Он тяжело вздохнул, вспомнив последний разговор с ней.
…Императрица лежала одна в затененной, обтянутой игривыми французскими гобеленами спальне, пропитавшейся стойким запахом духов, пота, целительных трав и чужеземных снадобий, бальзамов, микстур. Осунувшееся лицо женщины, с резкими морщинами около рта, казалось безжизненным желтым пятном. Только глаза, черные, большие, нездорово блестевшие от болезни и возбуждения, говорили о том, что государыня жива. Меншиков, стесняясь своего огромного роста и здоровья, замер, ссутулясь, у постели Екатерины. Он с жалостью смотрел на это маленькое, с багровыми пятнами румянца лицо, запутавшееся в черных, разметавшихся по подушке волосах, и горькая, иссушающая душу обида наполняла его.
«Вот и еще один самый дорогой и нужный человек уходит, — думал он тогда. — И остаюсь я один среди старой боярской псарни, которая спит и видит, как бы безродного Алексашку снова столкнуть в грязь, в навоз. Не на кого теперь будет опереться, ничьим именем нельзя будет отныне заслониться, и придется одному пробиваться через злобу, ненависть и зависть людскую».

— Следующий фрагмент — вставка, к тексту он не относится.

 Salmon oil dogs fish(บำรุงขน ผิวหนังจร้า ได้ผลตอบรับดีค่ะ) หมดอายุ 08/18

Меншиков вздохнул. Екатерина, измученным влюбленным взглядом изучавшая его лицо, тоже вздохнула.
— Светлейший, — свистящим шепотом окликнула она, — слышишь? Последний раз, чай, видимся. Умираю я.
— Полно, матушка, — с деланной бодростью пробасил Меншиков. — Ты еще нас переживешь.

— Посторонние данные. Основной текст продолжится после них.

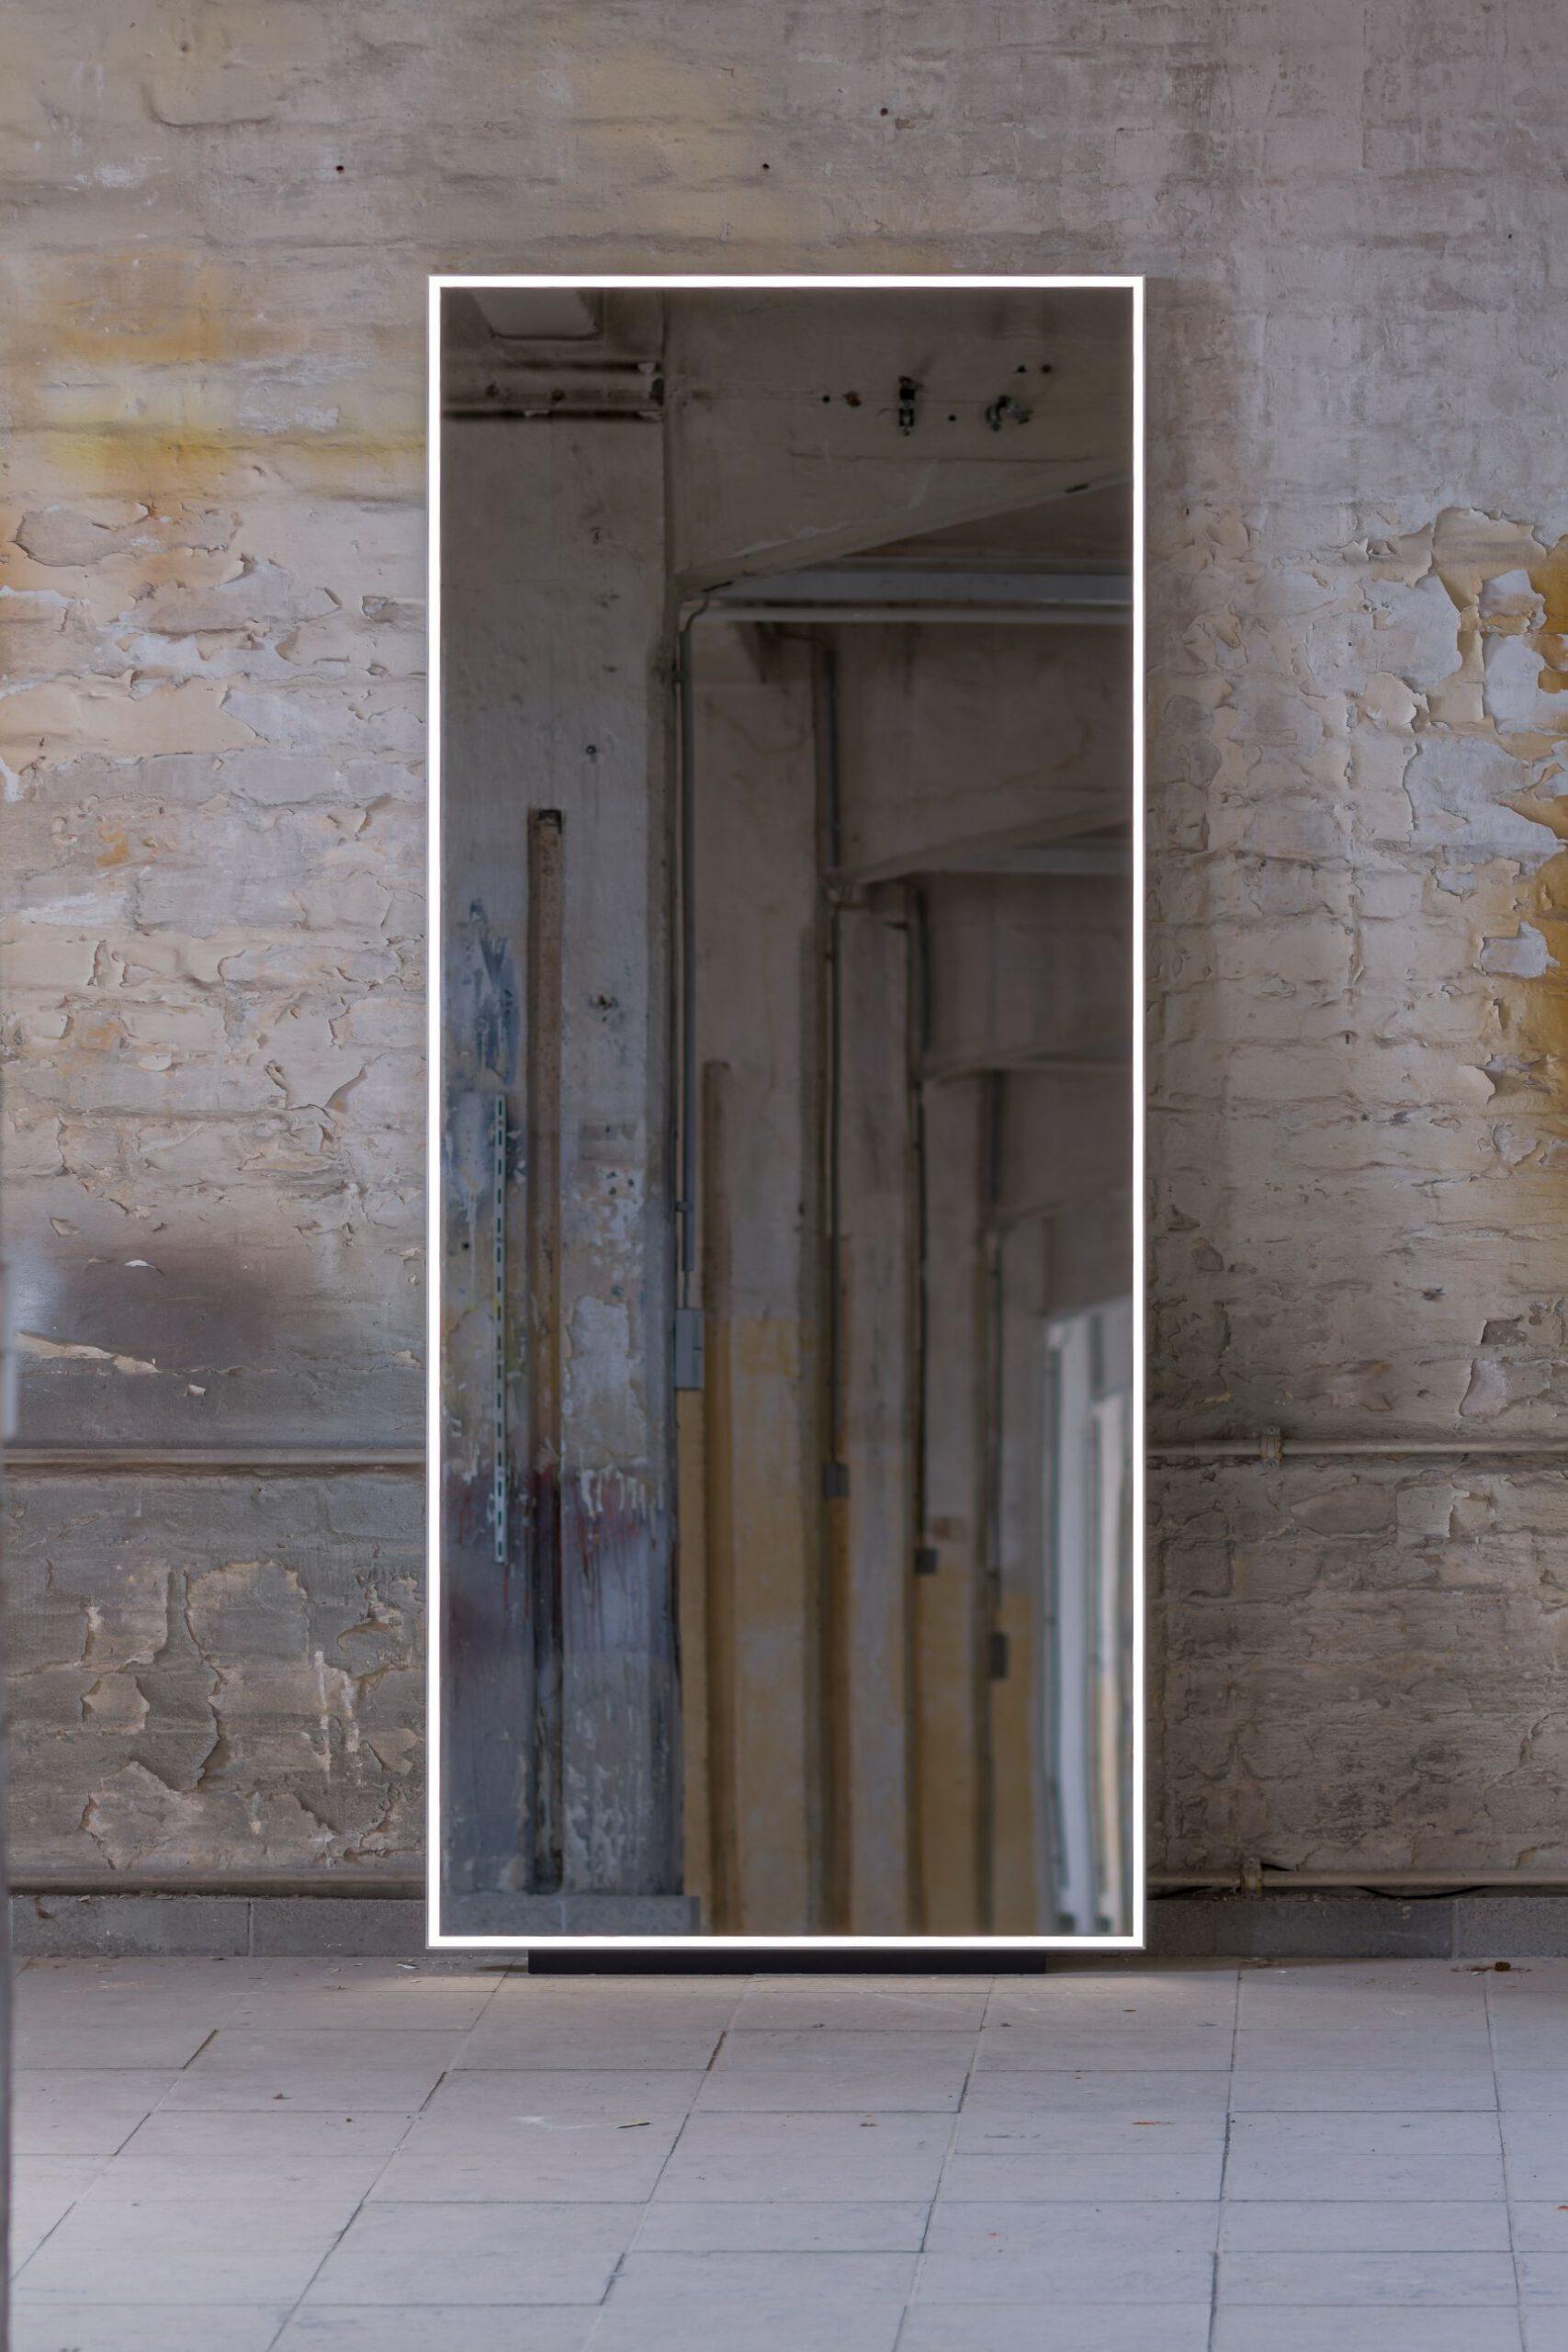 mirrorz-berlin_Spiegel_Fotografie_03_BrandDesign_LLiniany

Императрица слабо, благодарно улыбнулась и сразу же посерьезнела.
— Будет, Александр Данилыч. Не место и не время лукавить. Не о том я. Смерти не страшусь, хоть и жалко уходить. — Она с тоской смотрела на князя. Большая слеза выползла из налитого болью глаза, оставляя мокрый след на иссохшей коже щеки. — Отмучилась я, и нету во мне более страха… Я ведь всего боялась. Сперва Шереметьева, потом тебя, потом государя, потом титула своего. Все казалось мне, что кончится мой царственный сон и окажусь я снова у пастора Глюка или с гренадером под повозкой. Ты сильный, — улыбнулась вяло и как-то жалко, — ни бога, ни государя покойного не боялся, а меня так вовсе за дуру считал.
— Государыня! — укоризненно взревел Меншиков.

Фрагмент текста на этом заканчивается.